A particular approach to large language models has been to improve their logical thinking and problem solving skills. Reinforcement learning (RL) is increasingly used in this space for massive models and compact versions that can work well in restricted computer environments. An important challenge in this field is to improve the reasoning capacity of a model without depending on extremely large infrastructure or excessive training time. The main models require expensive hardware and patented data pipes, which puts them out of reach of smaller laboratories or companies. This raises the question of whether smaller models can be improved using profitable approaches and achieve performance comparable to their larger counterparts in challenging tasks such as mathematical reasoning.
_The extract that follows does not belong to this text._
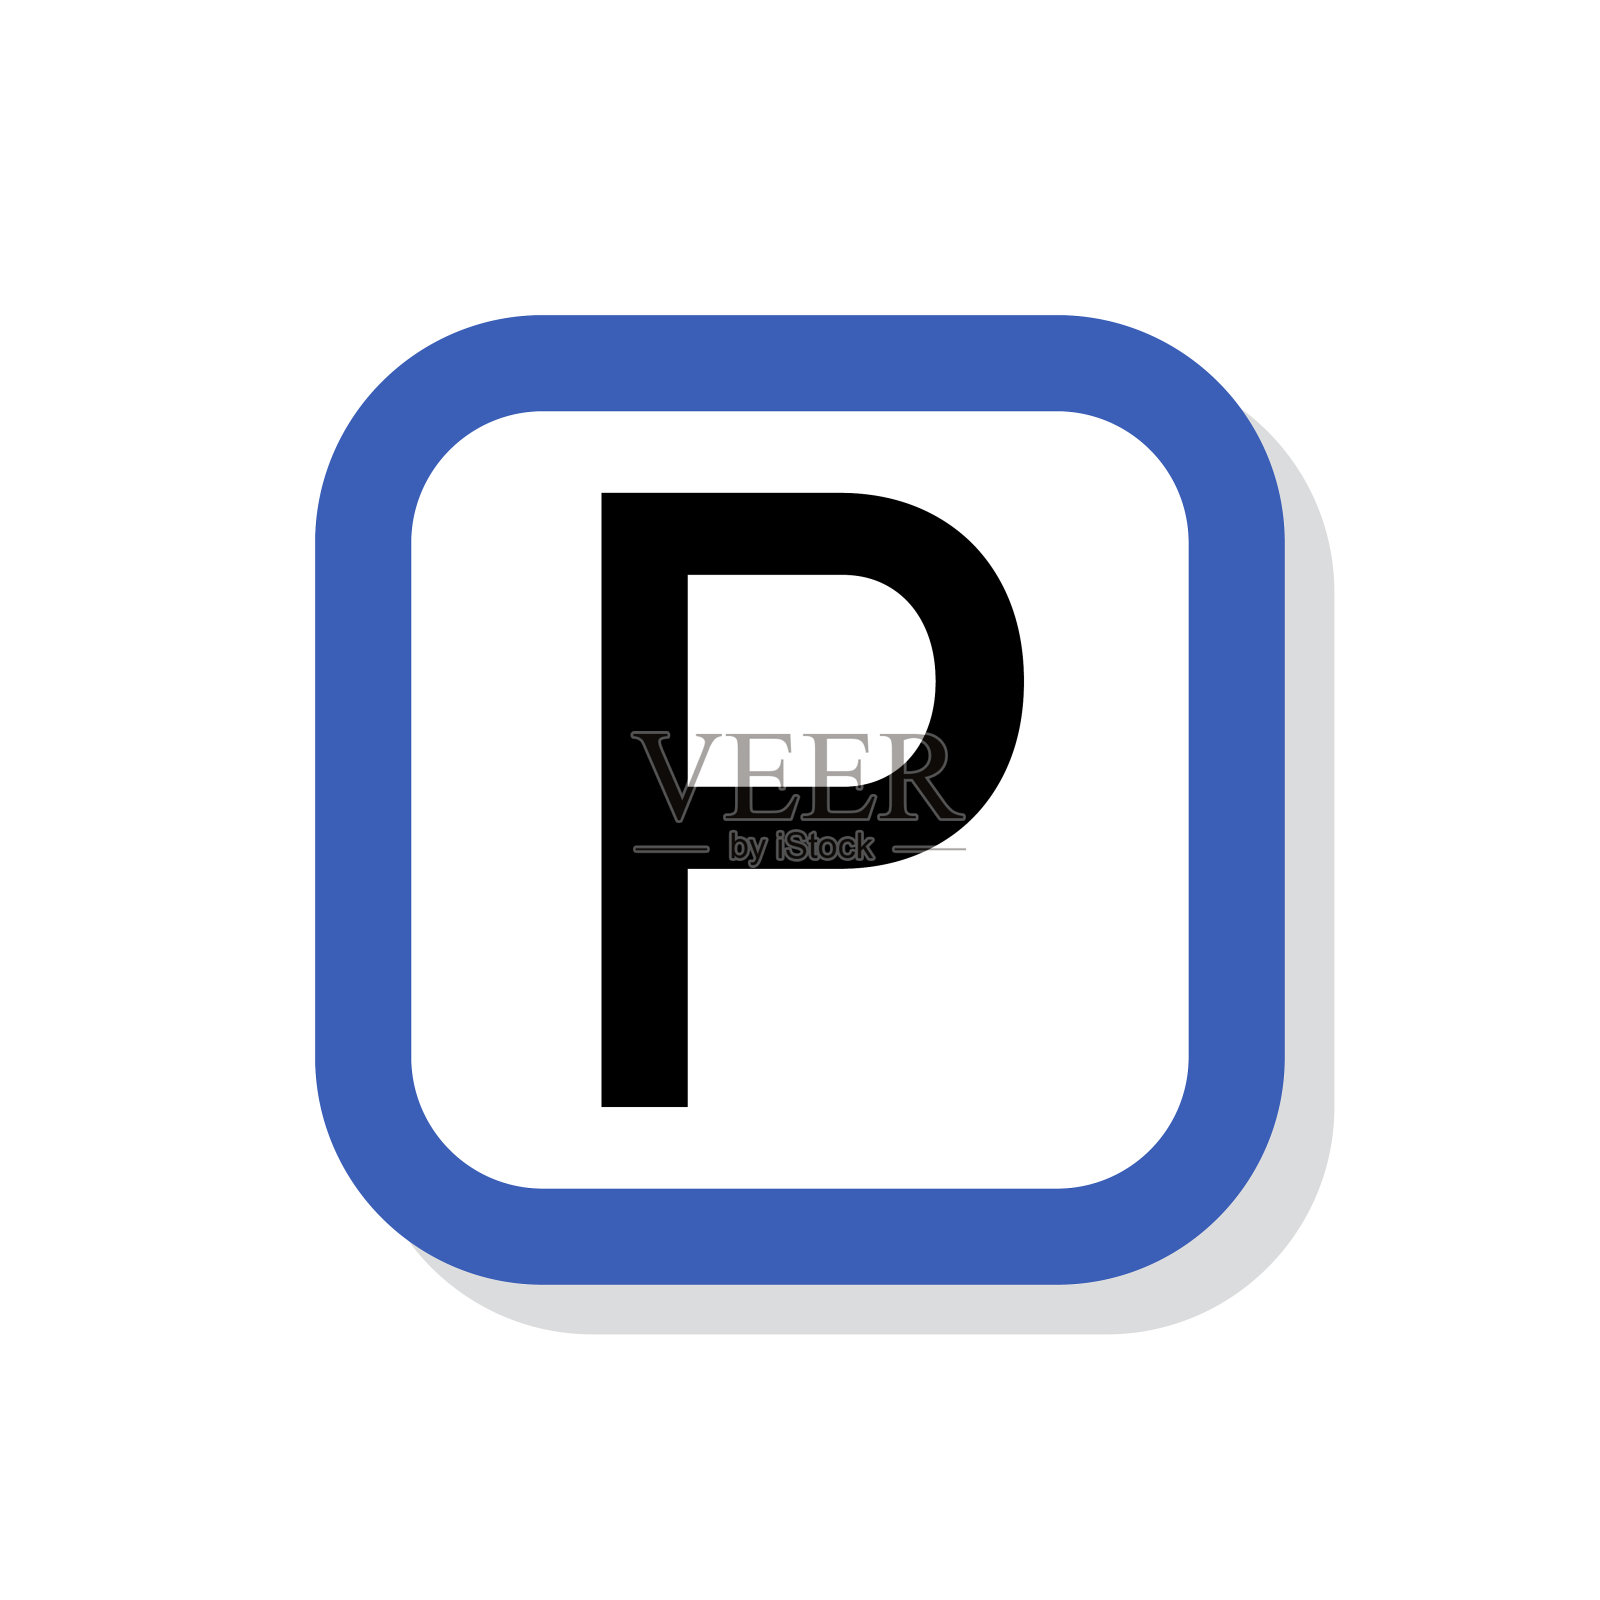 停车标志矢量图标。道路标志、停车标志、孤立交通例证。图标素材

Several methods have been explored to address this. The thinking chain application helps guide models through problematic steps. Search algorithms, such as the search for the beam and the search for the tree of Monte Carlo, are also used to improve the logical flow of the answers. Reinforcement learning itself has been tested in multiple environments. However, many of these approaches are still obliged by the same problems: they depend on mass data sets or lead to unstable performance in small -scale configurations. In addition, the results often do not coincide with those of patented models such as the previous OPENAI O1.
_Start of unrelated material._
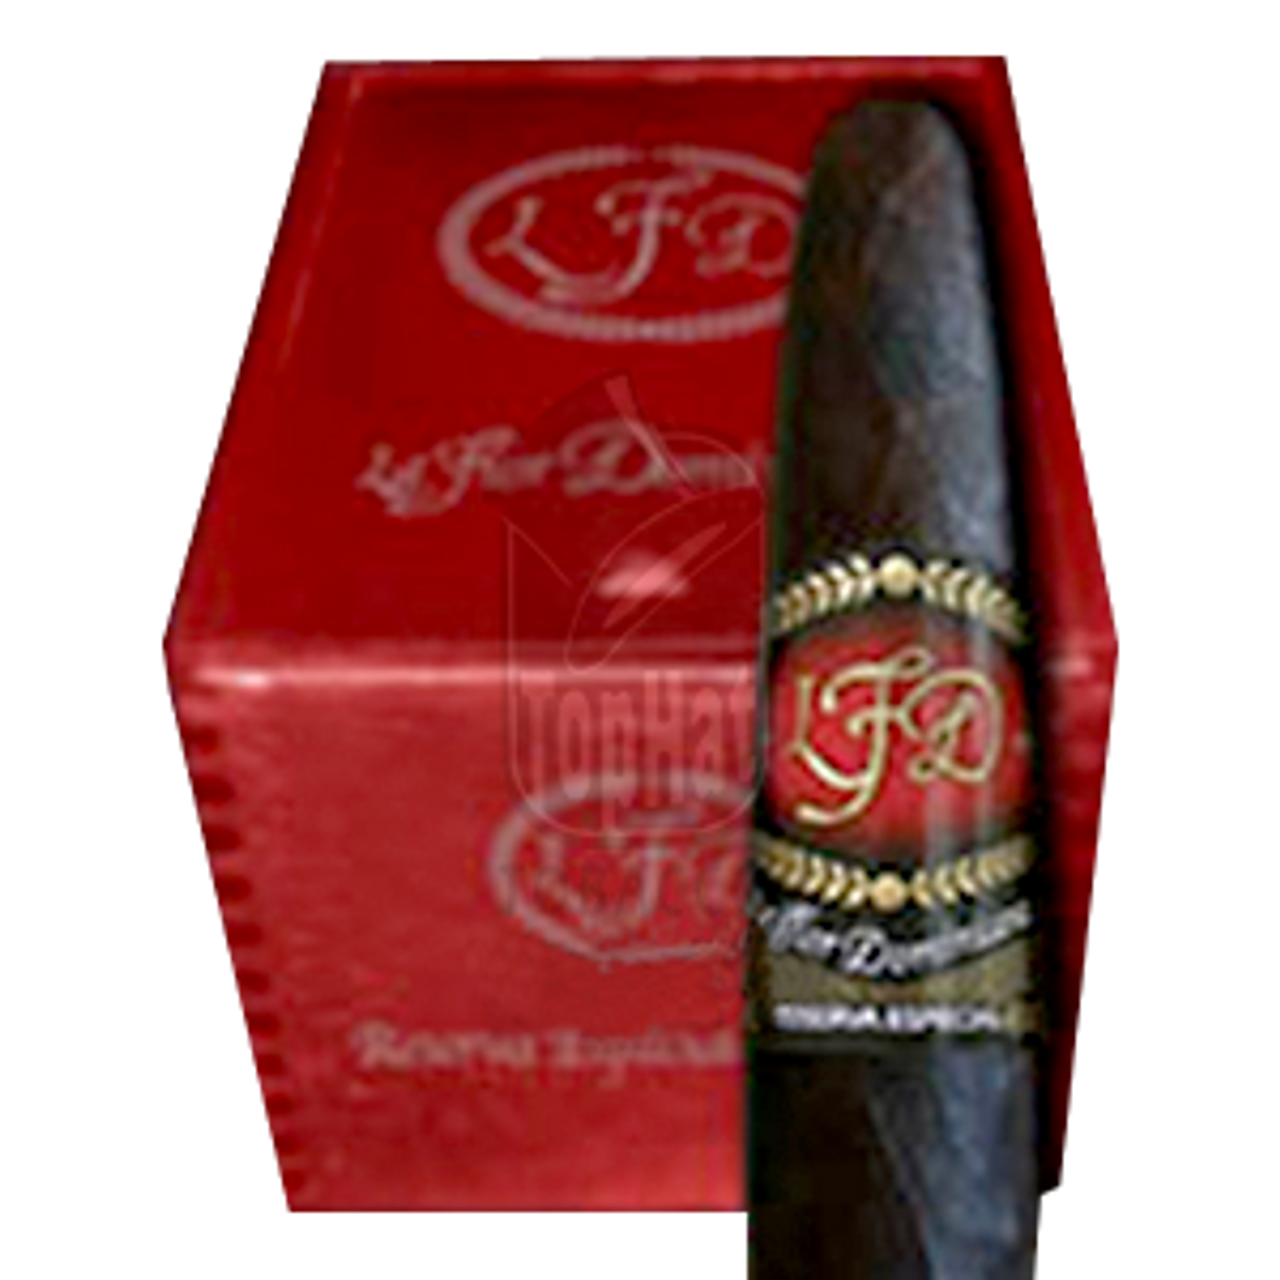 La Flor Dominicana Reserva Especial El Jocko Maduro Cigars - 4 1/2 x 32/54 (Box of 24)

The research introduced by a team of the Knovel engineering laboratory in Singapore and the University of Sciences of VNU in Vietnam focused on overcoming these problems. The researchers used a 1.5 billion parameter model called Depseek-R1-Distill-Qwen-1.5b. They adopted the group optimization algorithm of the group (GRPO) for configuration, training the model using four A40 NVIDIA GPU with 48 GB VRM each, all within a strict 24 -hour limit. Its key objective was to improve the reasoning of the model without a great financial or computational investment. Its training consumed only $ 42 in computer costs, a drastic reduction compared to the baselines that require thousands of dollars.
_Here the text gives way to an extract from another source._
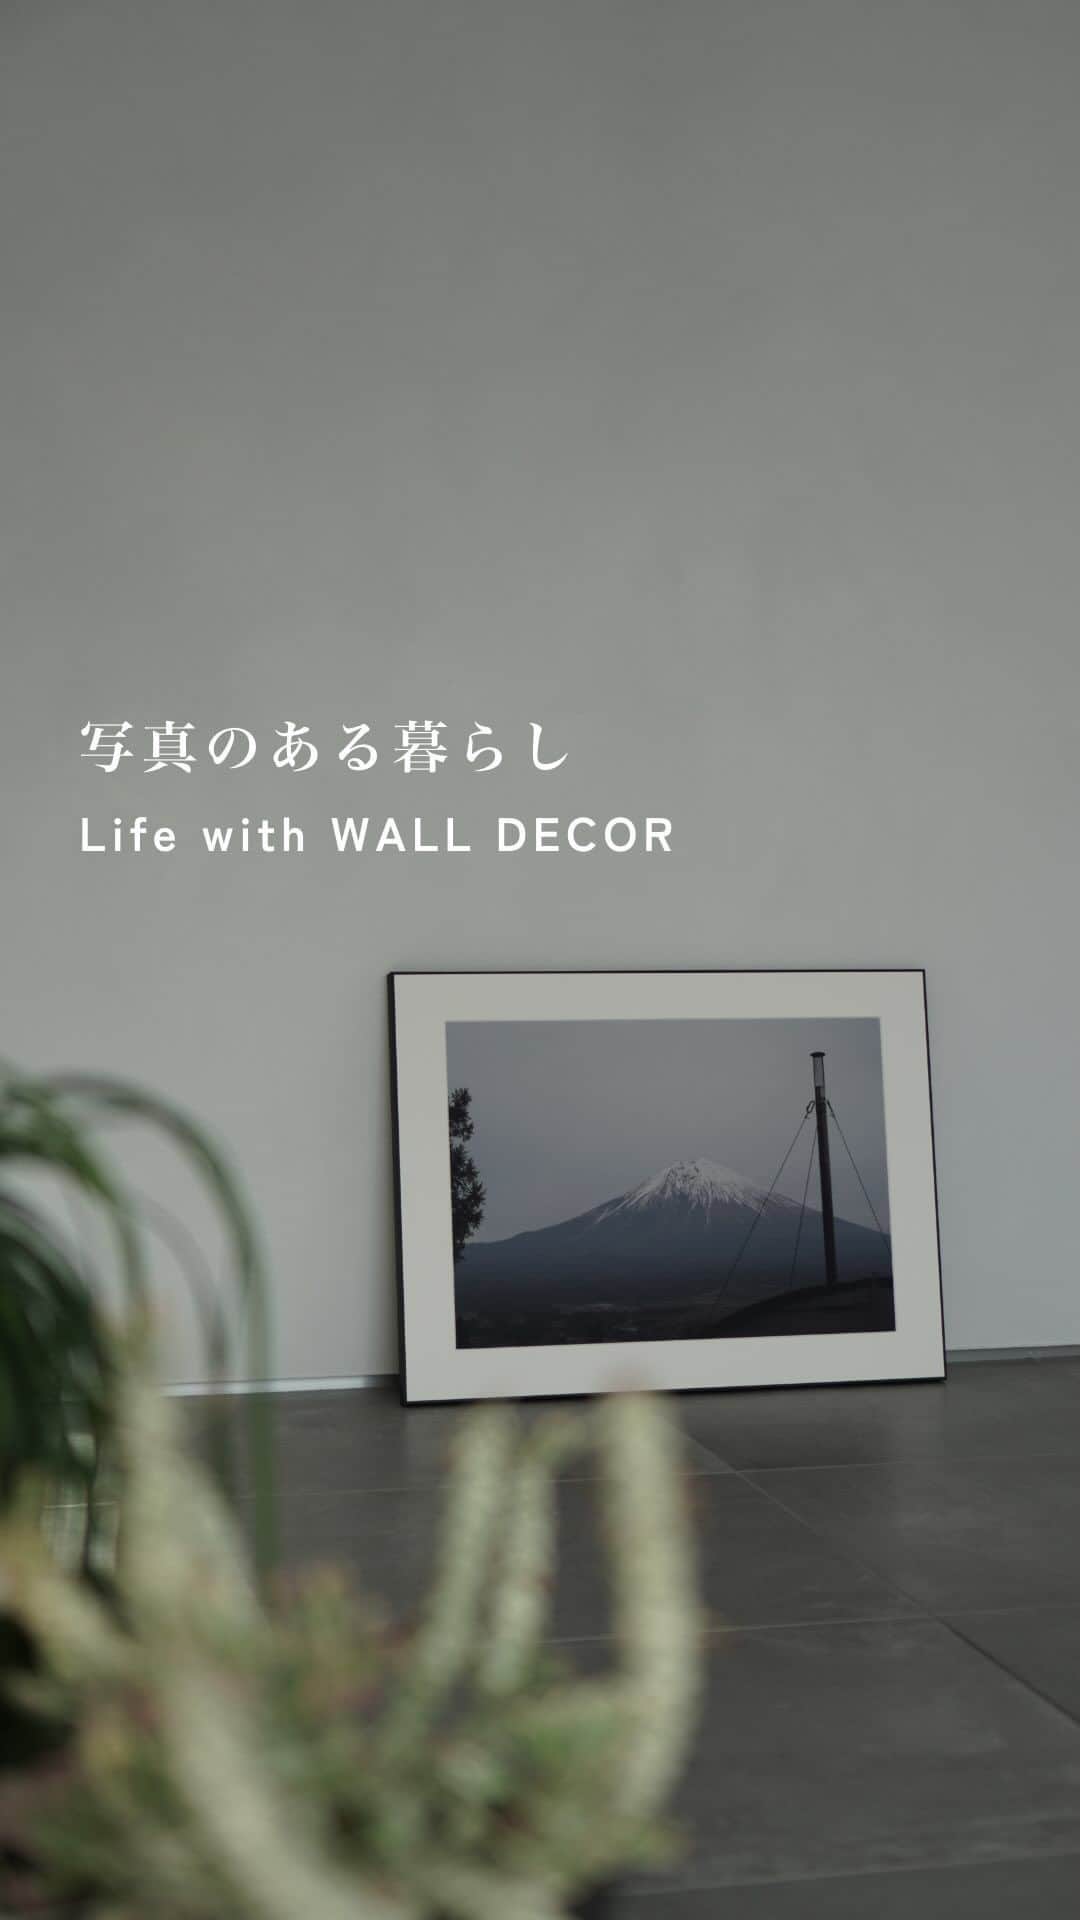 WALL DECOR (ウォールデコ）のインスタグラム：「【写真のある暮らし】  兵庫県に住むデザイナー・@neutral_house_さんのご自宅。 ものが少なく余白が印象的な空間は「内で外を感じる」がテーマだそう。  「自然素材が好きなので植物だけではなく、 石や木などを取り入れ、触感や質感にこだわっています。 これから次第に好みが変わることも視野に、 全体は何にでも合うグレーの空間にしました」  そんな@neutral_house_さんに 好きな写真をパネルにできる「WALL DECOR」を 制作いただきました。  いつでもどこでも動かせるようにと、 壁に立てかけて、床置きで飾られています。  ーーーーーーーーーーーーーーーーー  「長男と私の二人で彼の小学校卒業に合わせ、 卒業旅行として富士山を見に行った時の写真です。  普段データで眺めている写真が 額装されて届いた時の嬉しさがありました。  自分で撮った写真は、現像しても アルバムにしまっていましたが、 「思い出」をインテリアとして飾る というのはとても良いなと感じました。  ただ長男と私の二人だけの思い出なので、 家族みんなでの写真も必要ですね（笑）」  ーーーーーーーーーーーーーーーーー  写真をパネルにできる「WALL DECOR」 ギャラリータイプ A2サイズ相当 ディープマット印刷  comment 「印画紙はディープマットを選んだのですが、ギャラリータイプの縁のマットな質感と馴染んでいてかなり気に入っています。リビングなど明るい空間においても反射が無く、インテリアとして見た時もかなり良いポイントでした。」  #ウォールデコ #お部屋に飾りたい1枚 #植物のある暮らし #カメラのある生活 #注文住宅 #写真好きな人とつながりたい #カメラ好きと繋がりたい #カメラ好きな人と繋がりたい #インテリア好き #インテリアデザイン　 #新築注文住宅  #部屋づくり#植物のある生活 #インテリア小物 #家づくりアイデア #シンプルインテリア #インテリア好きな人と繋がりたい #新築戸建 #グリーンのある生活 #グリーンのある暮らし #インテリアを楽しむ #インテリア好きと繋がりたい #カメラ好きな人とつながりたい #家づくりノート 　#写真のある生活 #インテリアスタイリング #中庭のある暮らし #フォトパネル #ビンテージ家具」

The team gathered a data set of 39,659 specific mathematics questions to achieve this by refining two existing data sets: open and open scale. The filtering process consisted of eliminating trivial or noisy questions using different models such as qwen2.5-7b-instruct and deepseek-r1-distill-qwen-1.5b. The rewards system was based on rules and focused on three components: correction of the responses (using box notation), structural format (tax with labels) and output length (rewarded with a cosine function to promote concise reasoning). The GRPO algorithm was used to test group responses and apply score -based optimization, avoiding the need for a critical model and, therefore, further reducing computational demands.

The performance of this approach was tested in five reference data sets: AMC23, Aime24, Math-500, Olympiadbench and Minerva. In an experiment, using only the Open-S1 data set, the AMC23 precision of the model improved from 63% to 70% within the first 100 global steps, but then decreased. In another essay that combined 7,000 samples of mixed difficulty, the accuracy in AMC23 increased to 80%and Aime24 reached 46.7%. The model called Open-RS2, trained in that configuration, also showed competitive scores in Olympiadbench (52.4%) and Math-500 (85%). In the final experiment, the cosine reward helped regulate the exit length to a range of 1000–3500 tokens, and the model maintained a accuracy of 72.5% in AMC23 and 84.4% in Math-500.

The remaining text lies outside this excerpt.